◆ **TASK ITEM**
Reproduce the data that follows character for character, but omit its pictures.

◆ **COLLECTED DATA**
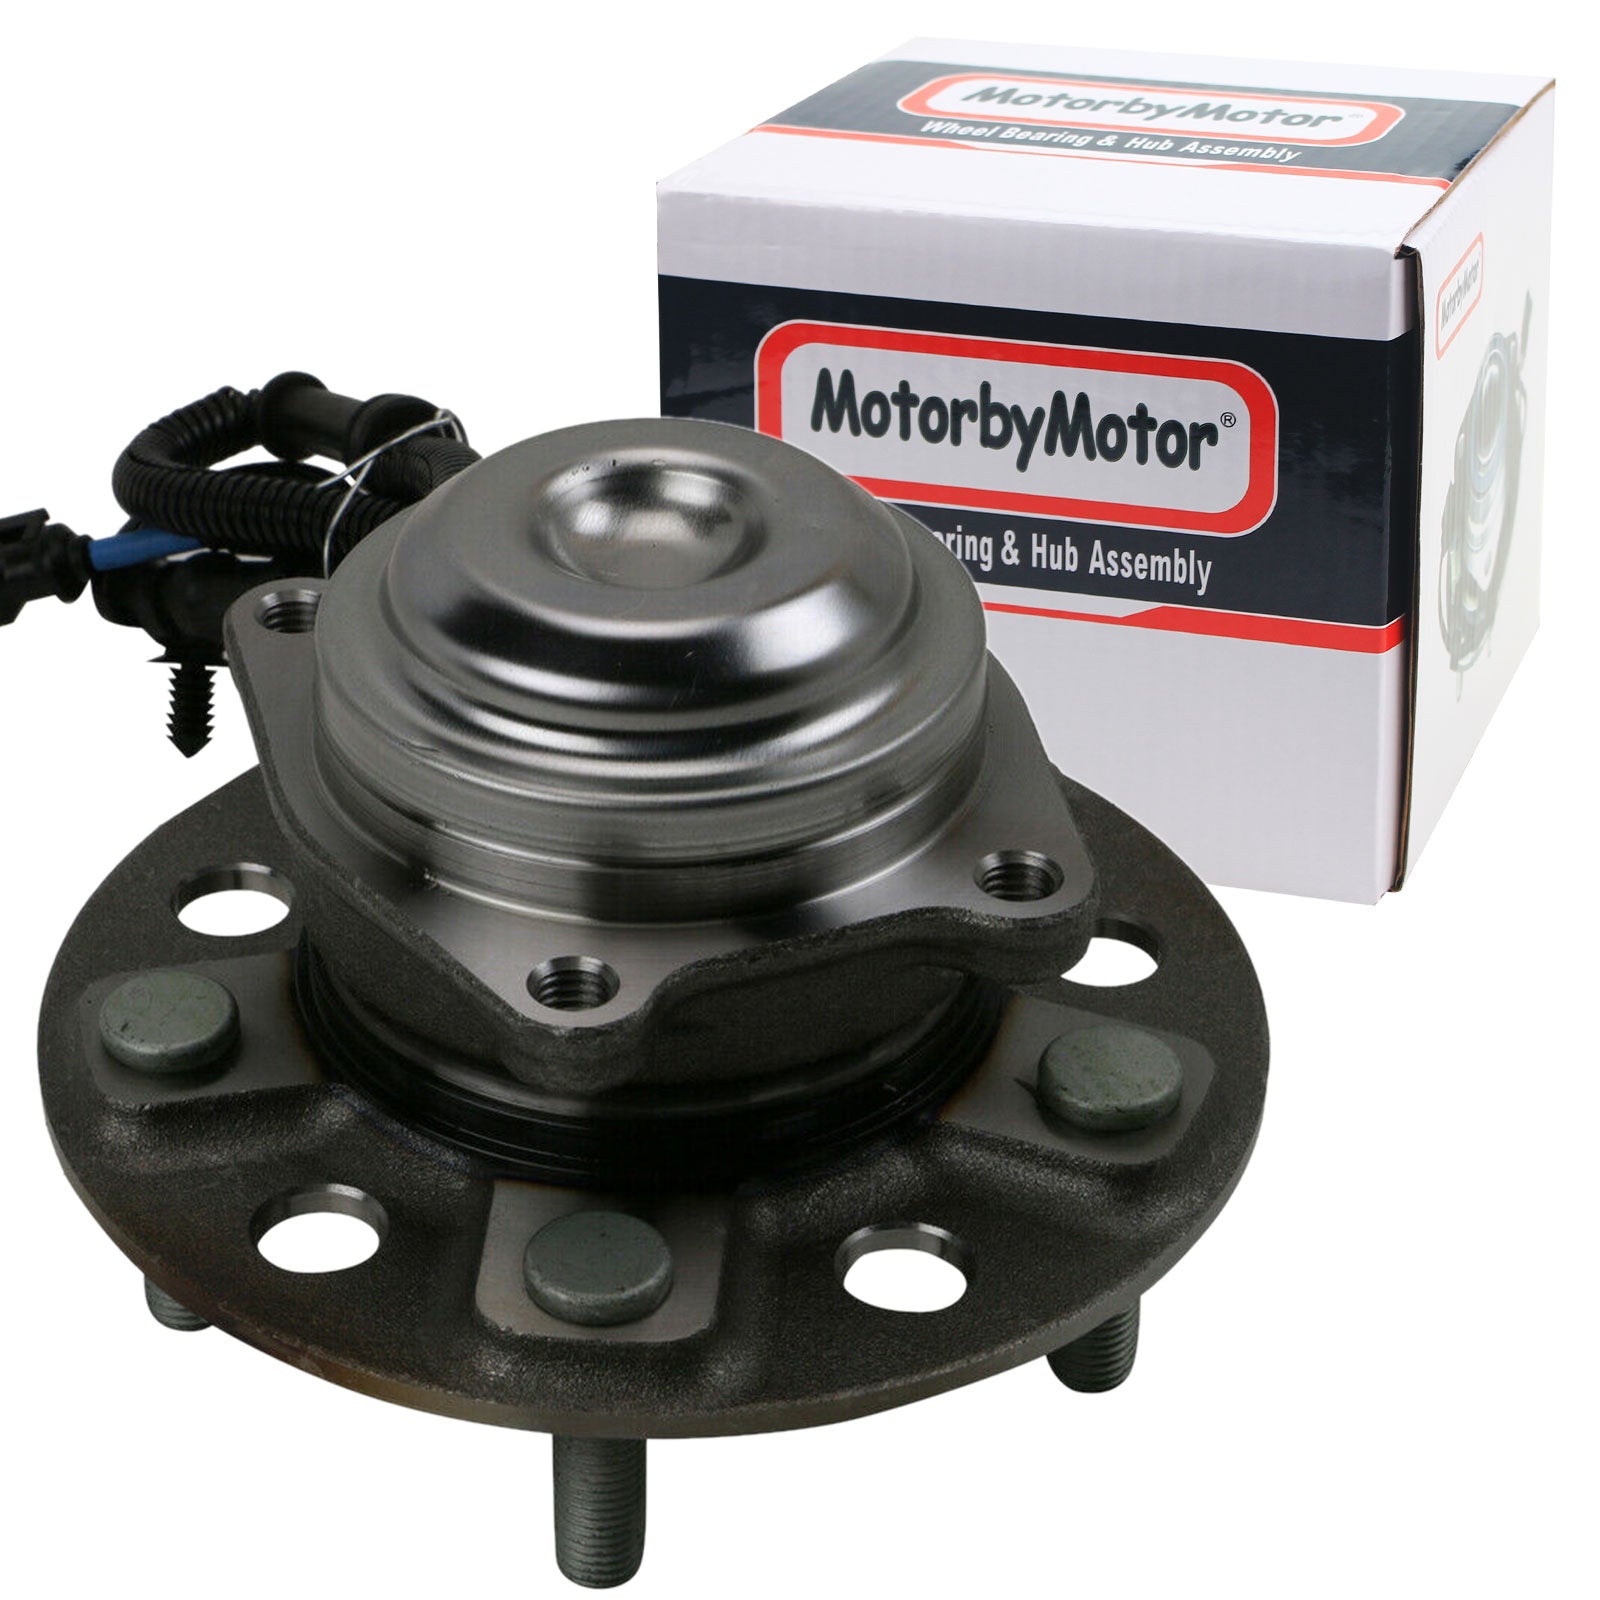 MotorbyMotor 512595 Rear Wheel Bearing and Hub Assembly with 5 Lugs Fits for 2017 Chrysler Pacifica Low-Runout OE Directly Replacement Hub Bearing (w/ABS) MotorbyMotor
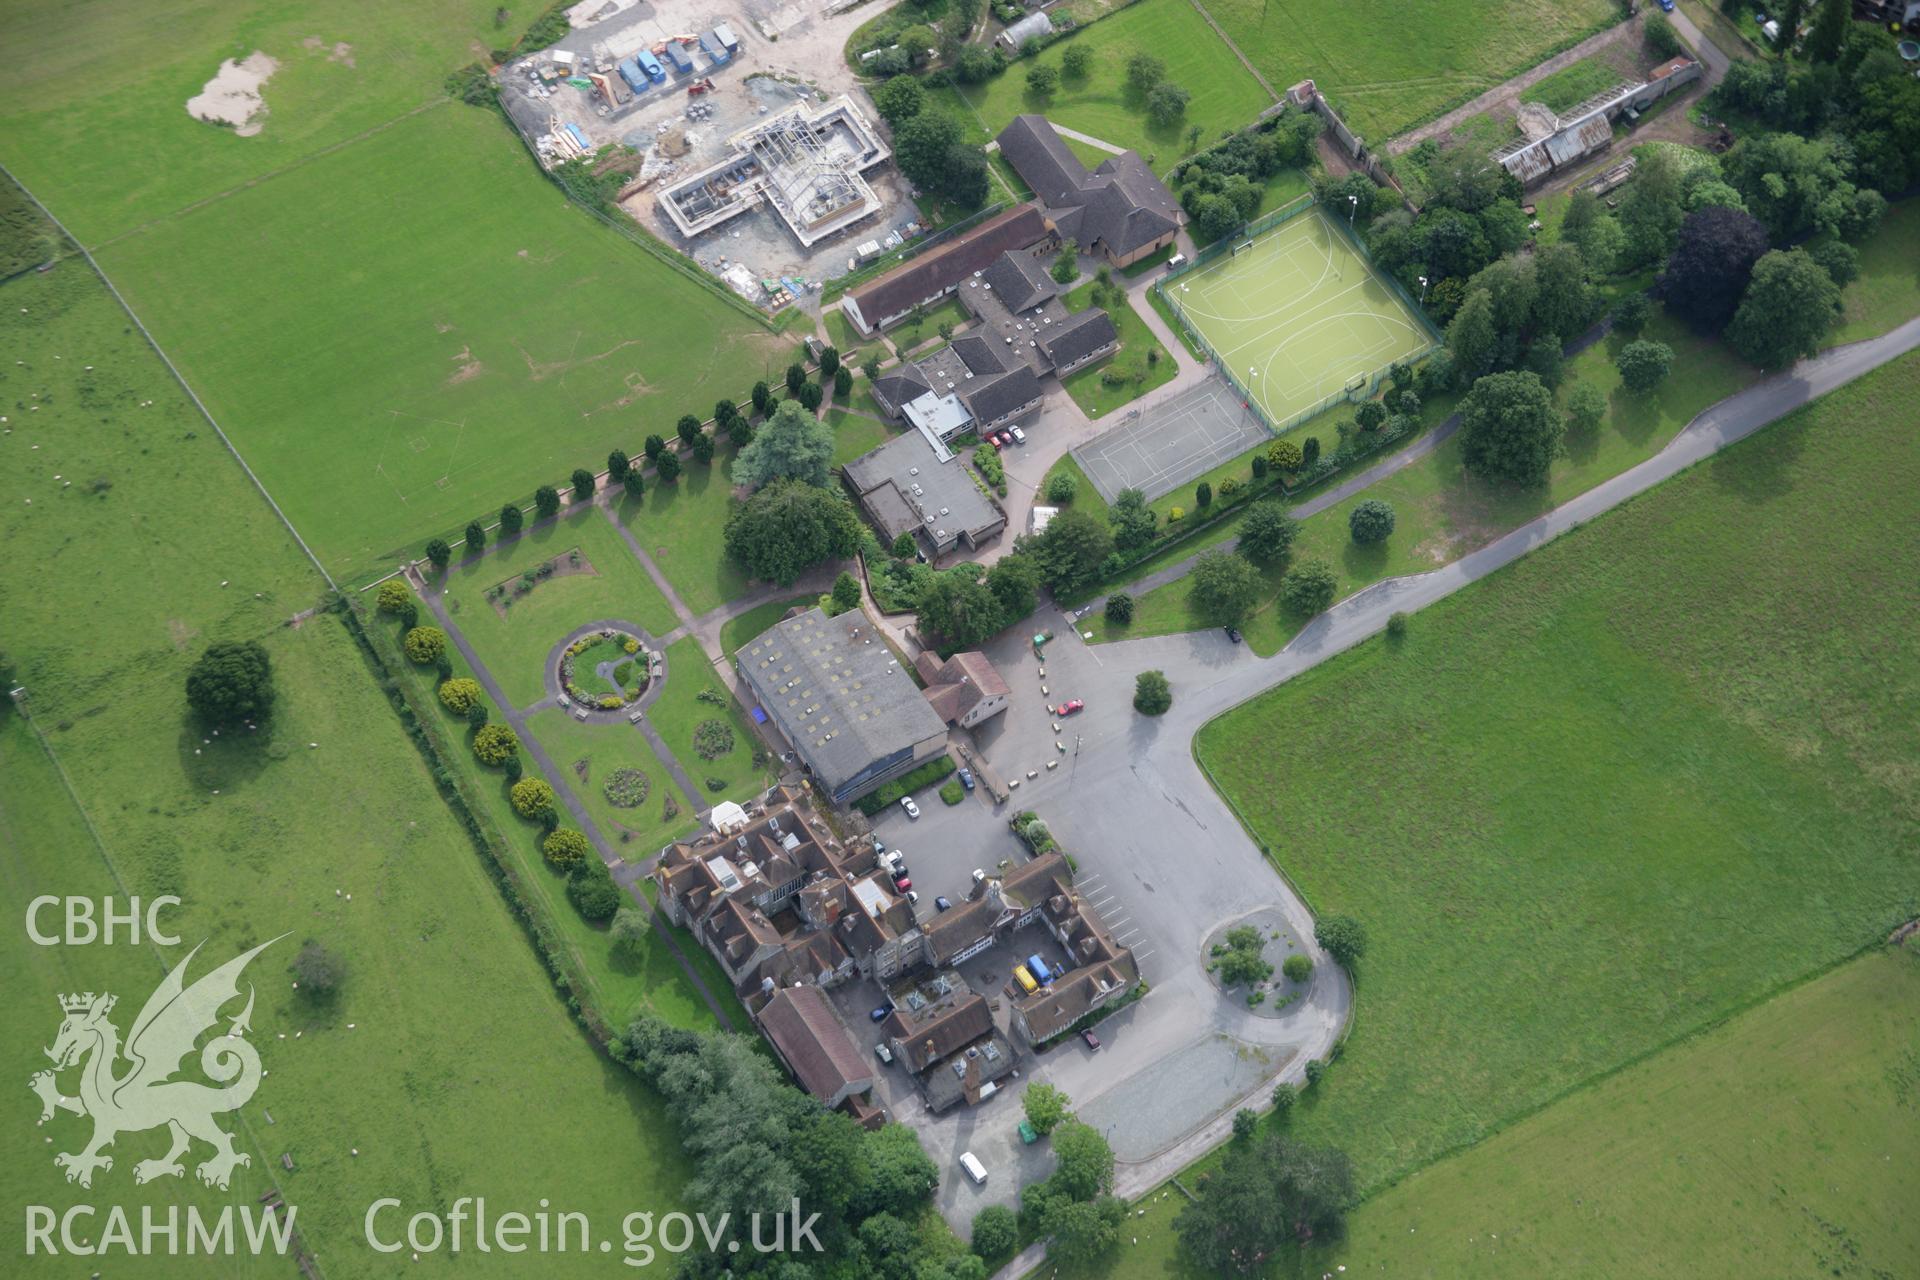 RCAHMW colour oblique aerial photograph of Gwernyfed Park. Taken on 09 July 2007 by Toby Driver
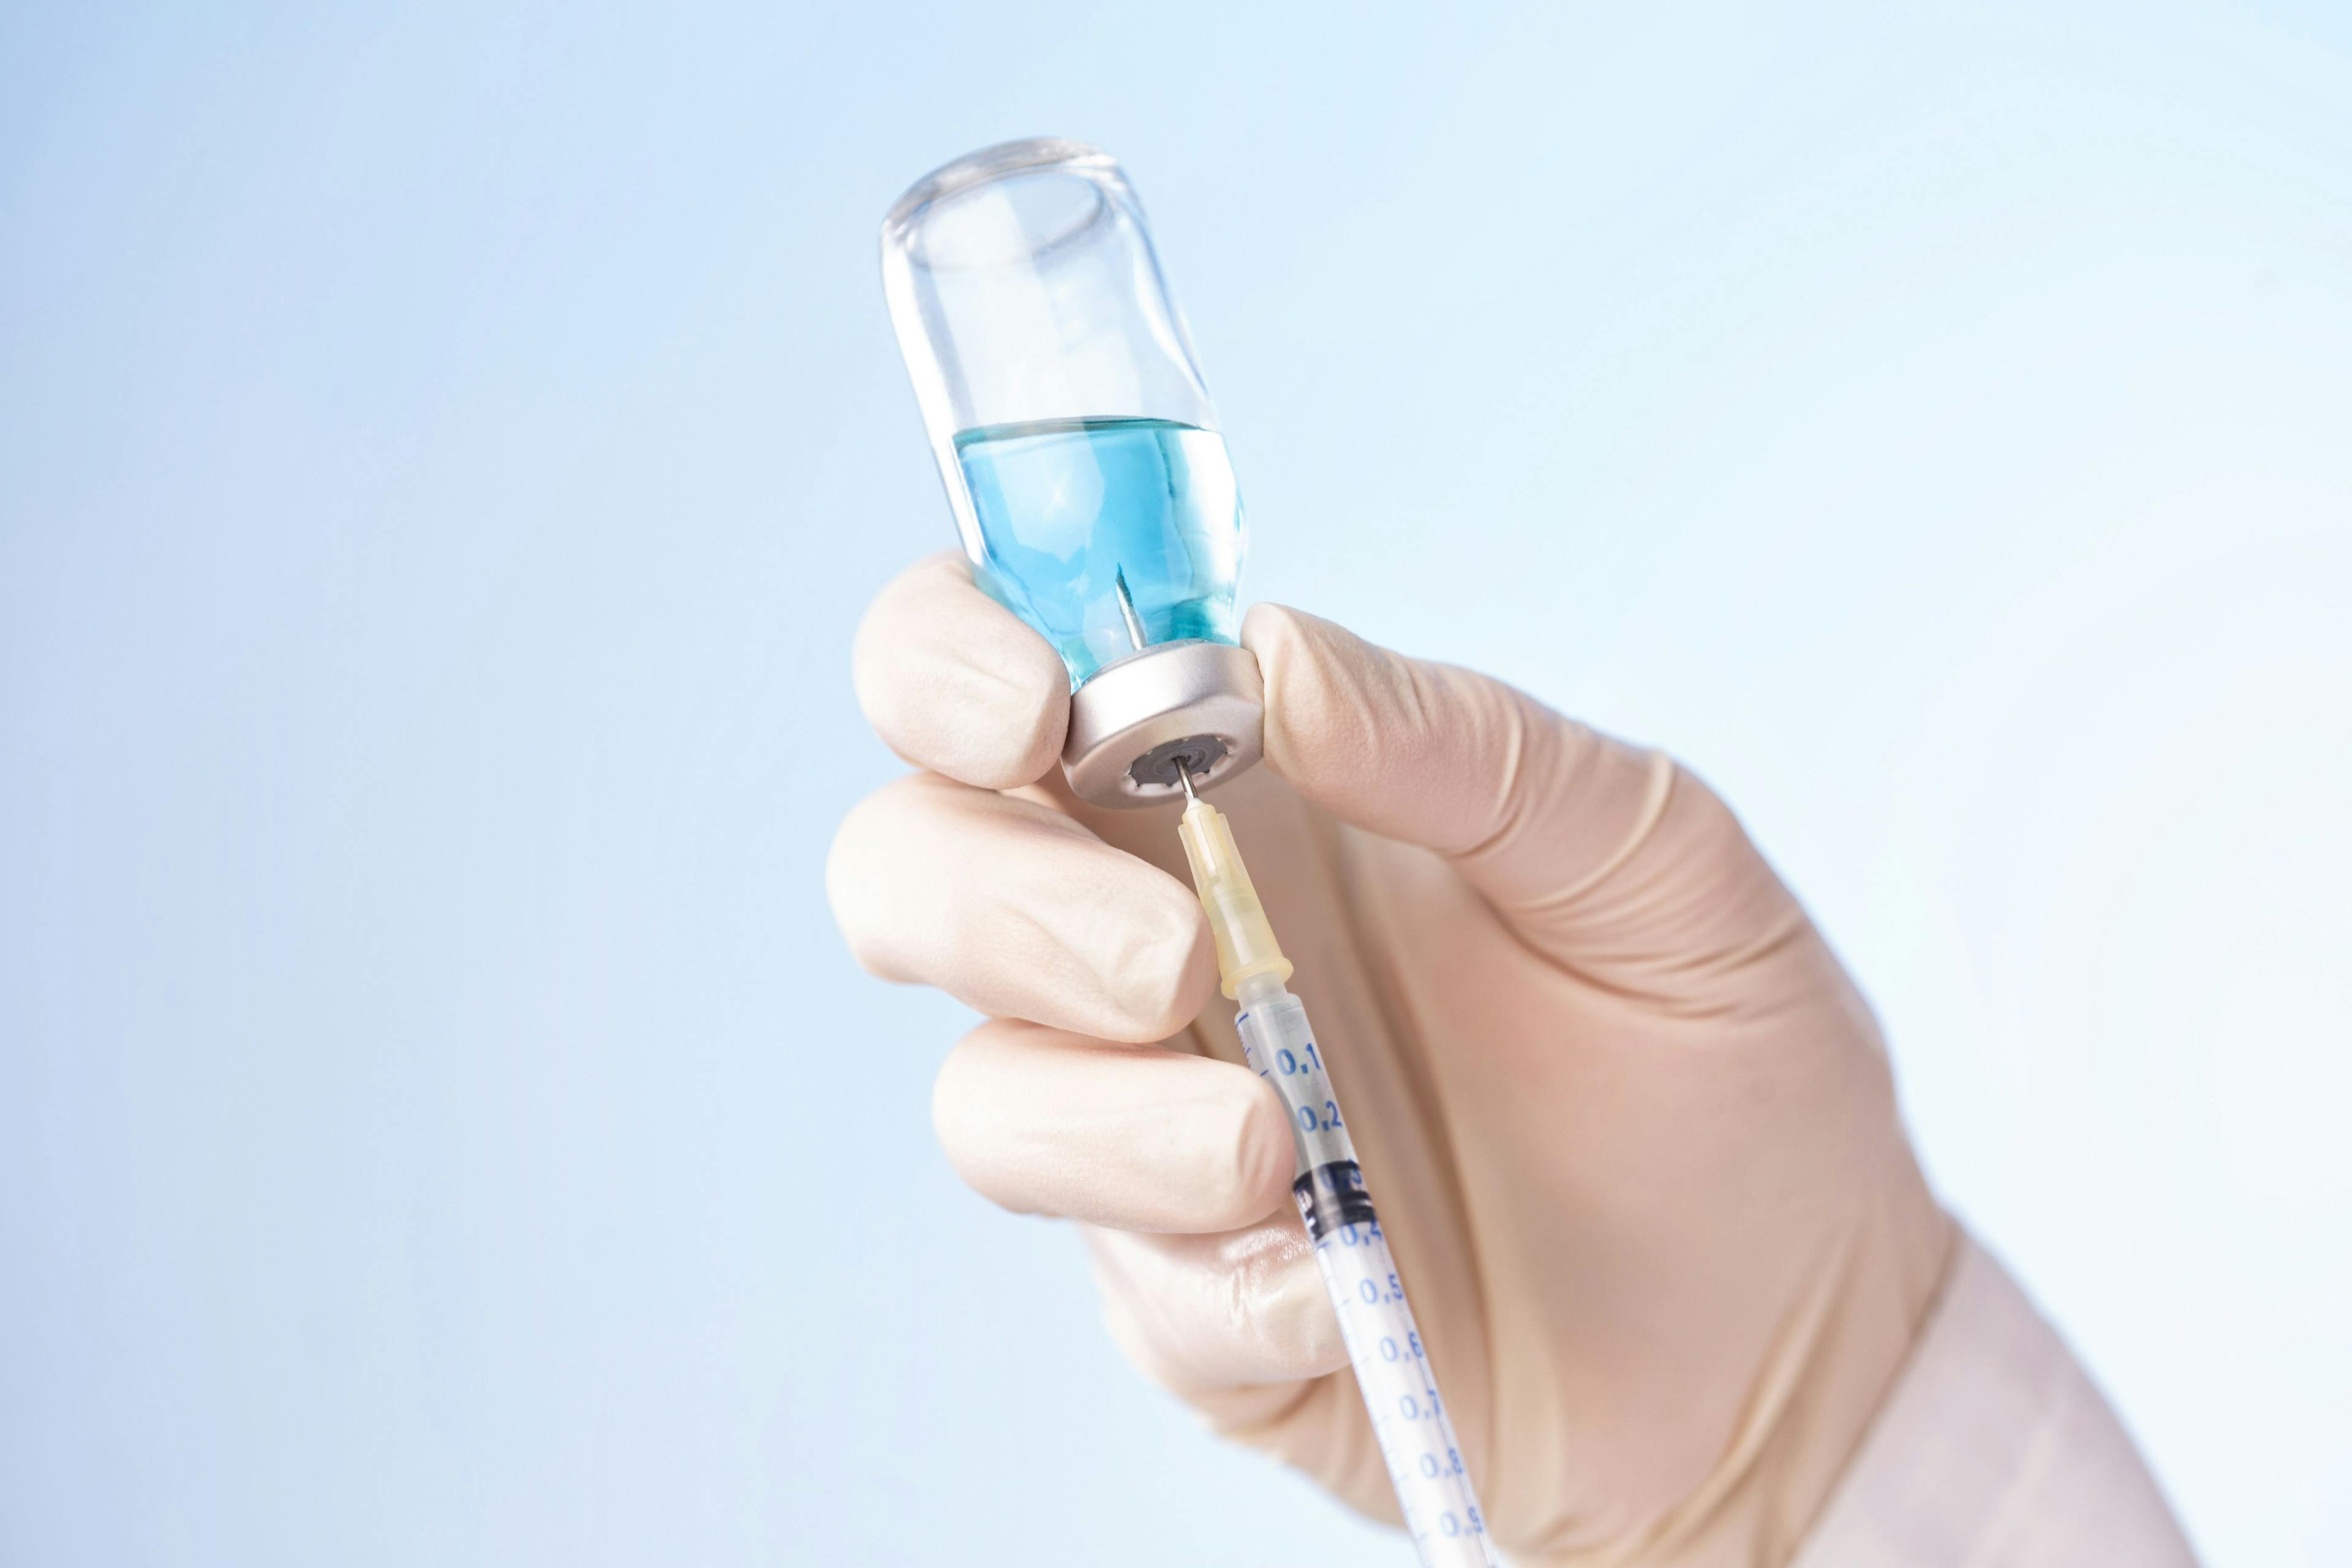 Ethical, Practical Considerations of Exemptions to Employer Vaccine Mandates for Anxiety

◆ **SOLUTION FOR THIS TASK**
 MotorbyMotor 512595 Rear Wheel Bearing and Hub Assembly with 5 Lugs Fits for 2017 Chrysler Pacifica Low-Runout OE Directly Replacement Hub Bearing (w/ABS) MotorbyMotor
 RCAHMW colour oblique aerial photograph of Gwernyfed Park. Taken on 09 July 2007 by Toby Driver
 Ethical, Practical Considerations of Exemptions to Employer Vaccine Mandates for Anxiety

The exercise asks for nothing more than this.